PORT-AU-PRINCE, Haiti -
Thousands across Haiti organized protests on Monday demanding the prime minister's resignation as the country commemorated the death of Jean-Jacques Dessalines, a slave who became the leader of the world's first Black republic.
The protests come hours before the United Nations Security Council is scheduled to meet and vote on several measures to tackle the increasingly chaotic situation in Haiti, which is awaiting a response on its recent request for the immediate deployment of foreign troops.
“The U.S. needs Haiti to make its own decisions and not interfere in Haiti's business,” said Marco Duvivier, a 35-year-old auto parts store manager, who had joined Monday's protest in Port-au-Prince. “Life is not going to get better with an international force.”
Haiti has practically reached a standstill more than a month after one of the country's most powerful gangs surrounded a key fuel terminal in the capital and prevented the distribution of more than 10 million gallons of gasoline and fuel and more than 800,000 gallons of kerosene stored on site.

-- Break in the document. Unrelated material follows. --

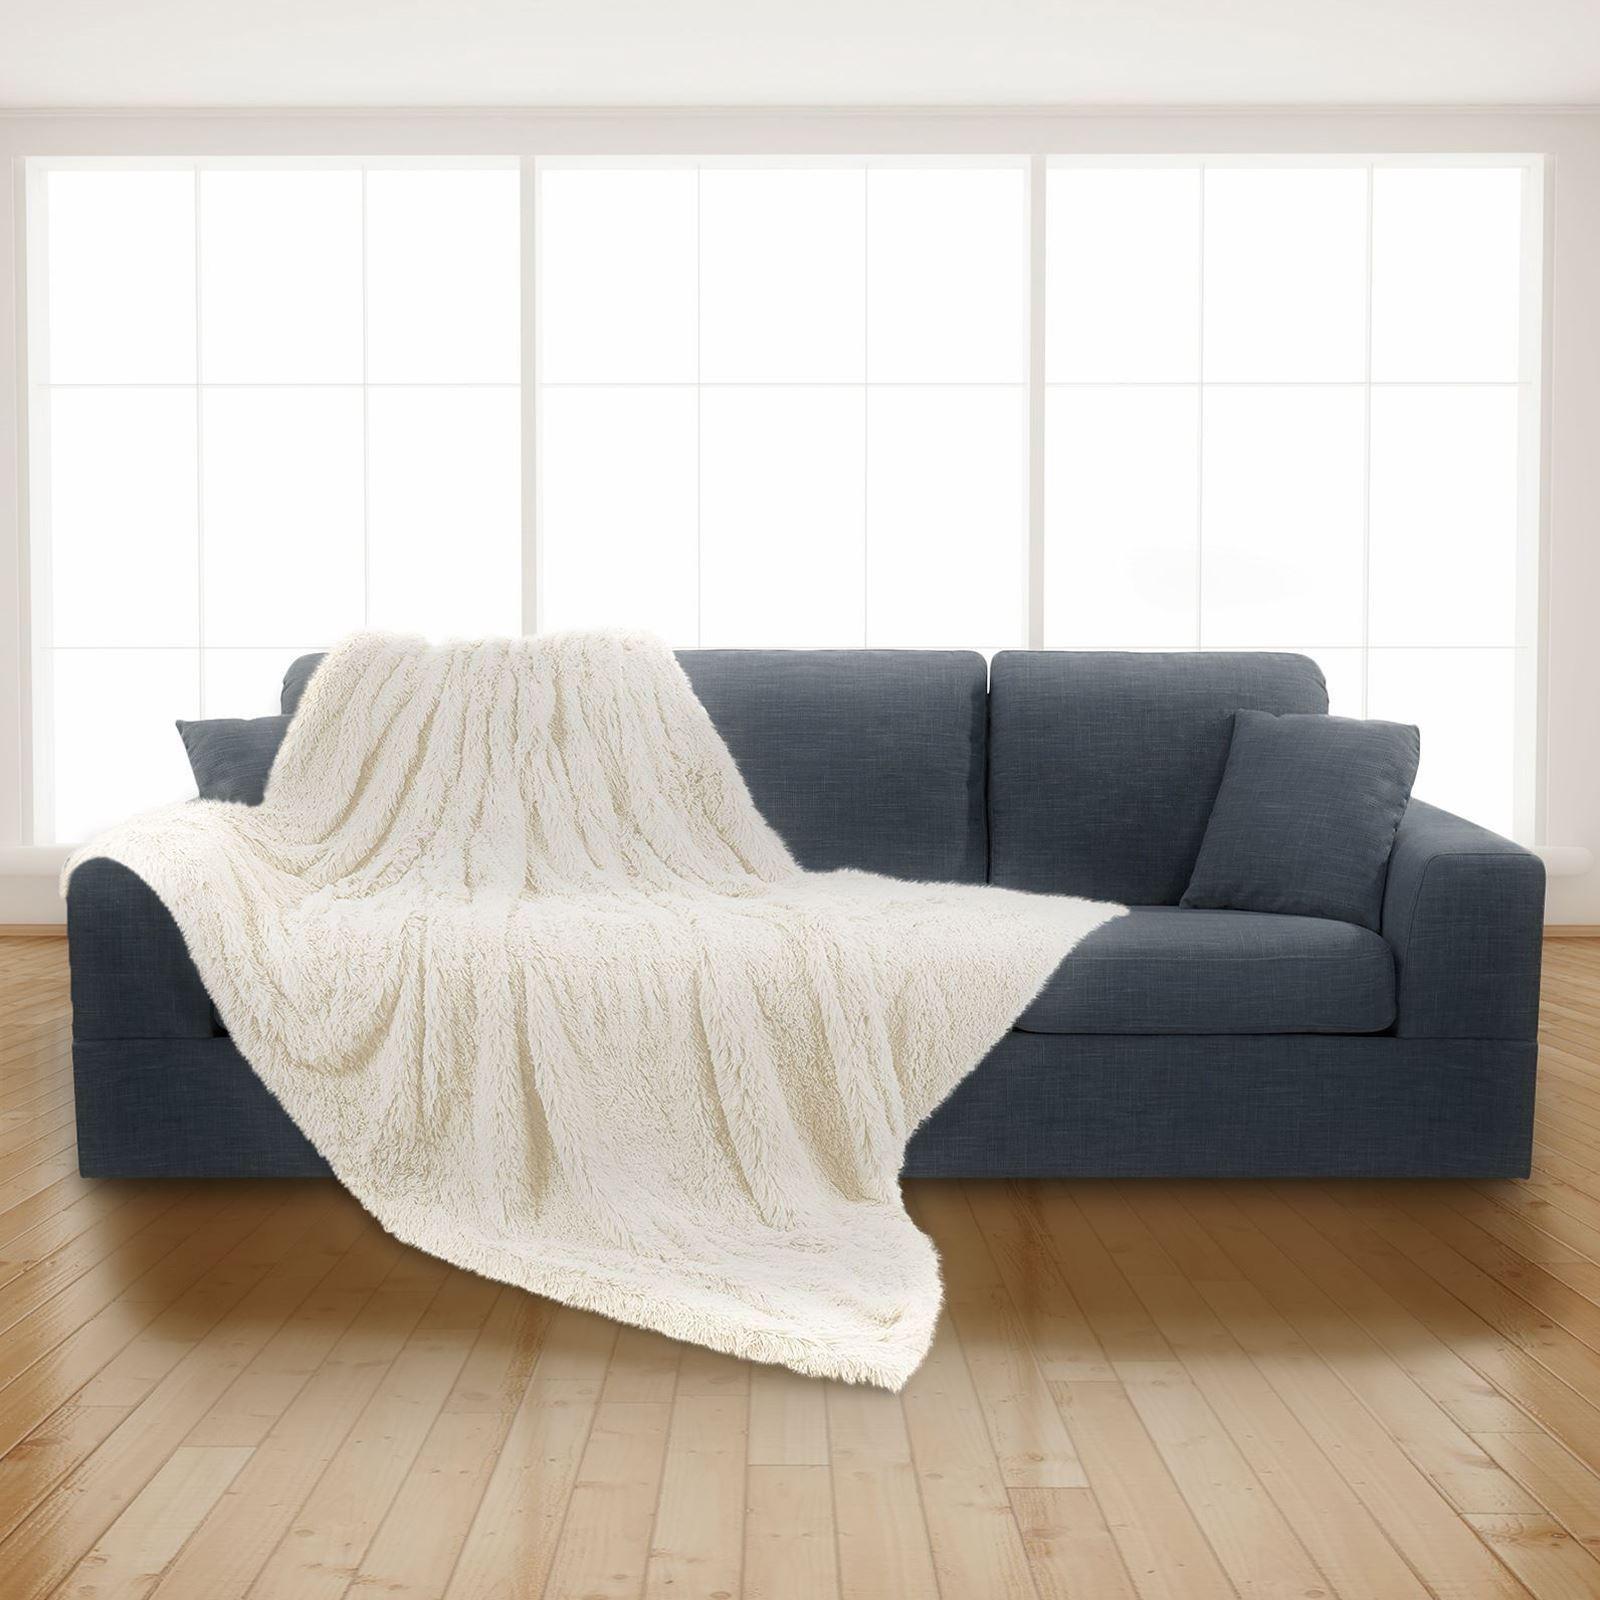 Luxury Super Soft Long Pile Throw Blanket Faux Fur Warm Shaggy

Gas stations remain shuttered, hospitals have slashed services and businesses including banks and grocery stores have cut their hours as everyone across the country runs out of fuel.
The situation has worsened a recent cholera outbreak, with hundreds hospitalized and dozens dead amid a scarcity of potable water and other basic supplies.
During Monday's protest, demonstrators hailed Dessalines, the leader of the anti-slavery revolution who was assassinated in 1806, as they rejected the potential deployment of foreign troops.
“We are the children of Dessalines,” said Samuel Jean Venel, a 40-year-old salesman.
Haiti's last cholera outbreak was a result of UN peacekeepers from Nepal introducing the bacteria into the country's largest river by sewage. Nearly 10,000 people died and more than 850,000 were sickened.
“We don't need a foreign force. It's not going to solve anything,” Jean Venel said. “As you can see, there is no result. There is more poverty, more insecurity.”
Over the weekend, the U.S. and Canada flew equipment including armored vehicles that the Haitian government had bought for its police officers to help strengthen a department that has long been understaffed and under-resourced. It has struggled to fight gangs blamed for some 1,000 kidnappings so far this year and the killings of dozens of men, women and children as they fight over territory and become more powerful after the July 2021 killing of President Jovenel Moise.
Associated Press writer Danica Coto in San Juan, Puerto Rico contributed.